Re: [PATCH] locking/rwsem: Remove reader optimistic lock stealing

From: Peng Wang

Date: Fri May 22 2026 - 06:08:49 EST


On Fri, May 22, 2026 at 10:55:13AM +0200, Peter Zijlstra wrote:
> On Thu, May 21, 2026 at 10:08:58PM -0400, Waiman Long wrote:
> > On 5/21/26 5:59 AM, Peng Wang wrote:
> > > Reader optimistic lock stealing, introduced by commit 1a728dff855a
> > > ("locking/rwsem: Enable reader optimistic lock stealing") and made more
> > > aggressive by commit 617f3ef95177 ("locking/rwsem: Remove reader
> > > optimistic spinning"), allows a reader entering the slowpath to bypass
> > > the wait queue and acquire the lock directly when WRITER_LOCKED and
> > > HANDOFF bits are not set.
> > >
> > > This causes severe writer starvation in workloads where readers hold
> > > the lock for extended periods, such as Direct I/O operations which
> > > hold inode->i_rwsem for the entire duration of iomap_dio_rw(). A
> > > common example is log-structured storage where one thread appends via
> > > DIO writes while another thread tails the log via DIO reads -- a
> > > pattern seen in database redo-log replay and shared-storage
> > > replication.
> >
> > It is generally assume that reader lock critical section is shorter than
> > that of writer. In this particular case, does the reader critical section
> > run longer than the writer's one?
>
> Well, that and writers are assumed to be rare. Reader-writer setups
> where writers are common or even dominant make little sense. And that
> seems to be exactly this. Then again, it isn't unreasonable to expect it
> to not perform significantly worse than an exclusive lock.
>
> > Reader lock stealing should only happen if the previous lock owner is a
> > writer. So readers and writer should at most alternately own the lock if
> > there are many readers waiting. Of course, if a reader own the lock, it will
> > wake up the remaining readers in the wait queue.
>
> Anyway, IIRC I've mentioned phase change locks many times before. And
> what we have here is an asymmetric phase change. The timeout causes a
> change to writers, but any one writer completing then switches back to
> reader dominance.
>
> Perhaps look at evening out the phase change. Retain the 'no-steal'
> phase for an equal duration.
>
> Also, 4ms is an eternity, that might need tweaking too.

Hi Peter,

I agree this is an asymmetric phase change. Looking at the code, the asymmetry
appears to exist only through the steal path, which is only reachable when
RWSEM_FLAG_WAITERS triggers slowpath entry (since READ_FAILED_MASK includes WAITERS,
and the steal condition requires WRITER_LOCKED=0 and HANDOFF=0).

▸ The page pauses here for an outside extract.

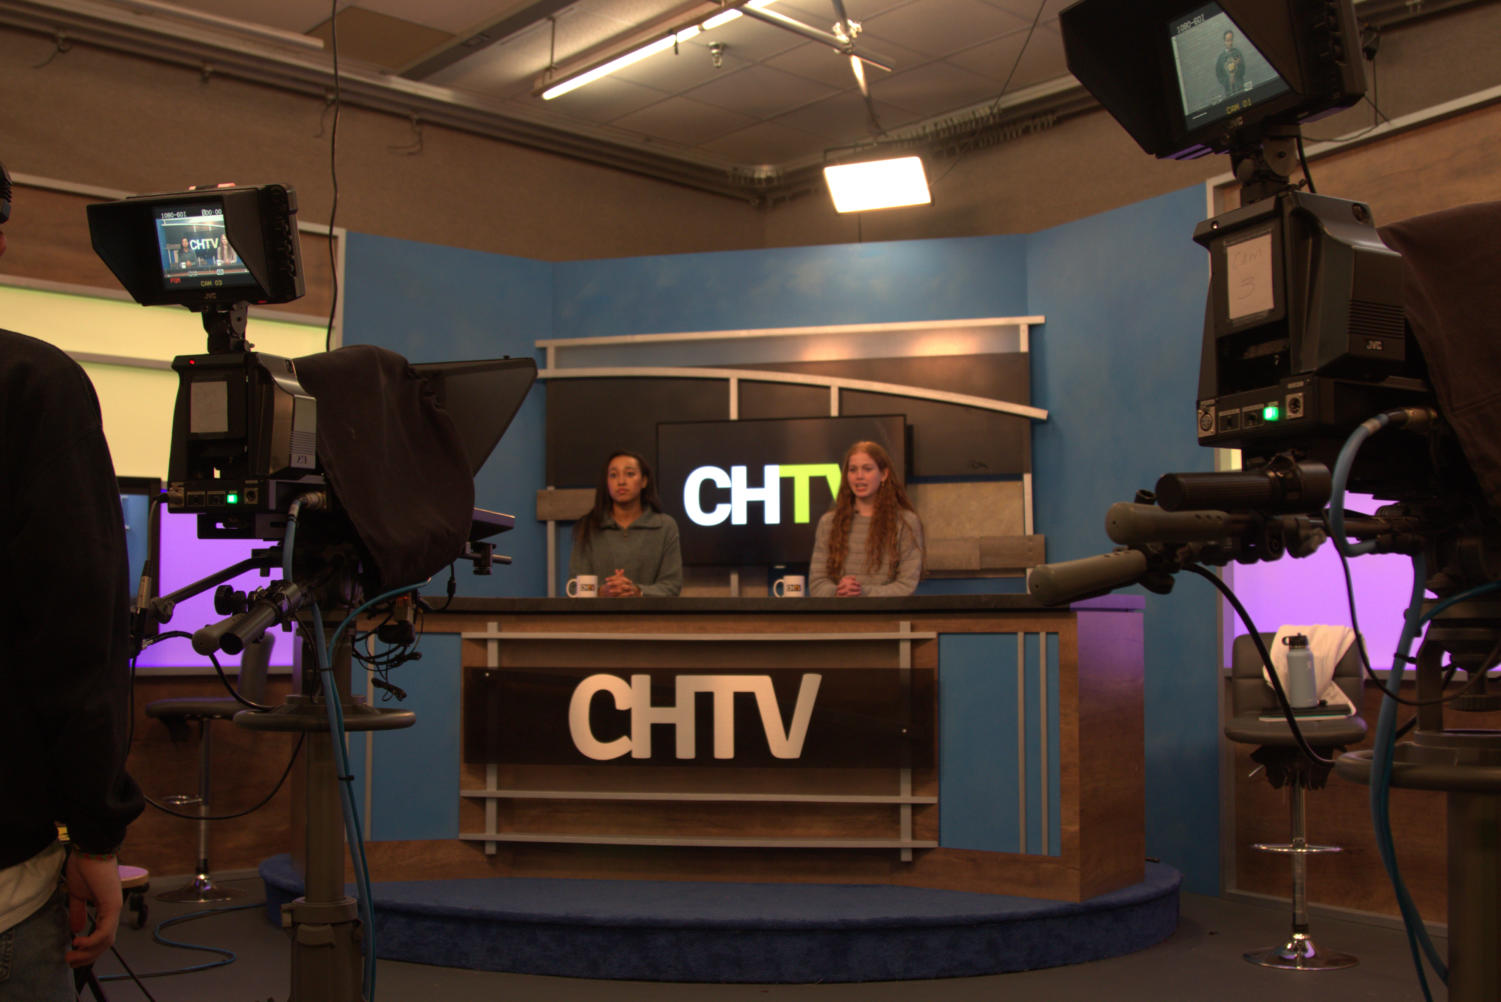 Ireland and Hannah sitting at the CHTV news desk

With steal removed, the wait queue with phase-fair batch wakeup seems to provide naturally
symmetric transitions without explicit phase management:
- Writer at queue head -> writer runs
- Reader at queue head -> all readers batch-woken in parallel
- Alternation governed by arrival order

A read-heavy mmap benchmark (16 threads, short critical sections) showed no measurable difference
with steal removed (308k vs 306k ops/sec), as readers succeed via fast path when there is no contention.

Regarding the timeout: agreed 4ms feels too long for fast storage.
With steal removed, handoff would only matter as a backstop when a writer enters the queue while readers are already active.

Would the simple removal be acceptable, or would you prefer a more structured phase-change approach?

Best regards,
Peng